## GIVEN DATA
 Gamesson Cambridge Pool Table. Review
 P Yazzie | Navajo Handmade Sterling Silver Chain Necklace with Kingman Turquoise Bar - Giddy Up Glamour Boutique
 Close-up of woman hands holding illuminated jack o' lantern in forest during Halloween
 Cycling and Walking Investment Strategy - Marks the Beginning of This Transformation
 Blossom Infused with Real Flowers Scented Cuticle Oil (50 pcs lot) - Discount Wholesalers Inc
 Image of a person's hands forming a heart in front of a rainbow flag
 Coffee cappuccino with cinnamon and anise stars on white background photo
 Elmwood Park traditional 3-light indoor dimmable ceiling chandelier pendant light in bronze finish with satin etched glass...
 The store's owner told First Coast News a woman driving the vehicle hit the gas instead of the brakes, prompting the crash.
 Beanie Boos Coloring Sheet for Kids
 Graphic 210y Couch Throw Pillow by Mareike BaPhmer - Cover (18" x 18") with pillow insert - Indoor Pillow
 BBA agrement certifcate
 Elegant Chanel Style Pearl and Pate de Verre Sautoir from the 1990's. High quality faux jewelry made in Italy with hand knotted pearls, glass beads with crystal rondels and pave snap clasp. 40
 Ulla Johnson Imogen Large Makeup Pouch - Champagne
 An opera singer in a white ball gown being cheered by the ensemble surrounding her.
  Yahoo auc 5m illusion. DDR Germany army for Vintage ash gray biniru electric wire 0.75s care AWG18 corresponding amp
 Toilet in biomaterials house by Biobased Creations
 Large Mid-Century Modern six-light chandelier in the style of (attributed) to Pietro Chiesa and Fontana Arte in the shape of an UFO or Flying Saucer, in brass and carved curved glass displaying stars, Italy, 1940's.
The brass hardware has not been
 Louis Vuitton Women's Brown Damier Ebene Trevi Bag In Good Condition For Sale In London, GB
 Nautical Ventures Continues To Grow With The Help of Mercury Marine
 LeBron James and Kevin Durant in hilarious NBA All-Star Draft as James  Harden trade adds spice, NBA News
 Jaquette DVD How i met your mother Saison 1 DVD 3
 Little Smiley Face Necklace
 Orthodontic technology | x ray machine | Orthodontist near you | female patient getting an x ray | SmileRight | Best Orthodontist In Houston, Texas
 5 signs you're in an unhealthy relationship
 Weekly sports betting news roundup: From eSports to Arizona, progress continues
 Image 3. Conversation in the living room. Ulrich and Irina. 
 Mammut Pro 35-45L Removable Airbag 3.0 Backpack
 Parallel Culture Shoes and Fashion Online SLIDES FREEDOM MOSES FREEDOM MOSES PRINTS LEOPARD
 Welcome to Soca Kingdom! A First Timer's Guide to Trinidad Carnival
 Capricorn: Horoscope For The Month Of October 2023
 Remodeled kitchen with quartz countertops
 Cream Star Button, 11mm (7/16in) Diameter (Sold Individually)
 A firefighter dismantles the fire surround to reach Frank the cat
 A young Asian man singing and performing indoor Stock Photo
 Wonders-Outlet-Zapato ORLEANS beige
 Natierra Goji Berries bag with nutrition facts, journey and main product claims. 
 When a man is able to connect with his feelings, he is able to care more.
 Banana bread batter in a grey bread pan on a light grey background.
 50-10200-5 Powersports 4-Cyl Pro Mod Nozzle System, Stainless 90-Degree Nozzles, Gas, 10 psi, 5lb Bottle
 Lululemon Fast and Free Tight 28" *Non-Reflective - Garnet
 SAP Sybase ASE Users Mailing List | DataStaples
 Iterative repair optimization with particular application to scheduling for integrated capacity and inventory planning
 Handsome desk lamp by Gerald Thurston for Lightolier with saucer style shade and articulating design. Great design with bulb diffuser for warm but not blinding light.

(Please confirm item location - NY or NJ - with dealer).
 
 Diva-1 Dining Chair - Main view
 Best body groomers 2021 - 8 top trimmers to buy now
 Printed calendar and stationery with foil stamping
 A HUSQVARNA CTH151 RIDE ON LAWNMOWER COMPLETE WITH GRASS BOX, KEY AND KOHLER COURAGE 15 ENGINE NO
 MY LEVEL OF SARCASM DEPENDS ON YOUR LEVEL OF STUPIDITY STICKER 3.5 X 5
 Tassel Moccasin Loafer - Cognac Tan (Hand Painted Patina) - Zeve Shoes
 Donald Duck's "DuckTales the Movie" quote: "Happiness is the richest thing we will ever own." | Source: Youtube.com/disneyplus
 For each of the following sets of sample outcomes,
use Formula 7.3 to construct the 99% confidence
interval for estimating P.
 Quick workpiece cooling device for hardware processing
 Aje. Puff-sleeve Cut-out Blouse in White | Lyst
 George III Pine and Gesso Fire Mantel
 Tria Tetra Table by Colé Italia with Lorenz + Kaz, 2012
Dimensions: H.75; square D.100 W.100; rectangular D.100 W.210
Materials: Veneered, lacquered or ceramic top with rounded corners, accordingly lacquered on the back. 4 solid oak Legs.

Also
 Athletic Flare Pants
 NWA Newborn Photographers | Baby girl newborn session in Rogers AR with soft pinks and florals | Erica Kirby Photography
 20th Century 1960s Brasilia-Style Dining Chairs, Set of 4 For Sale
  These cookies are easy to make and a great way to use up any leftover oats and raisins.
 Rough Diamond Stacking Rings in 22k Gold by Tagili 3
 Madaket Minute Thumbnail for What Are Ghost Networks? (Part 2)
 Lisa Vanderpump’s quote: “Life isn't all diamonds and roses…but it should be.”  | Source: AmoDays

## REQUIREMENT
Only lines holding the word "hardware" are wanted; copy each one from the listing.

## RESPONSE AREA
The brass hardware has not been
 Quick workpiece cooling device for hardware processing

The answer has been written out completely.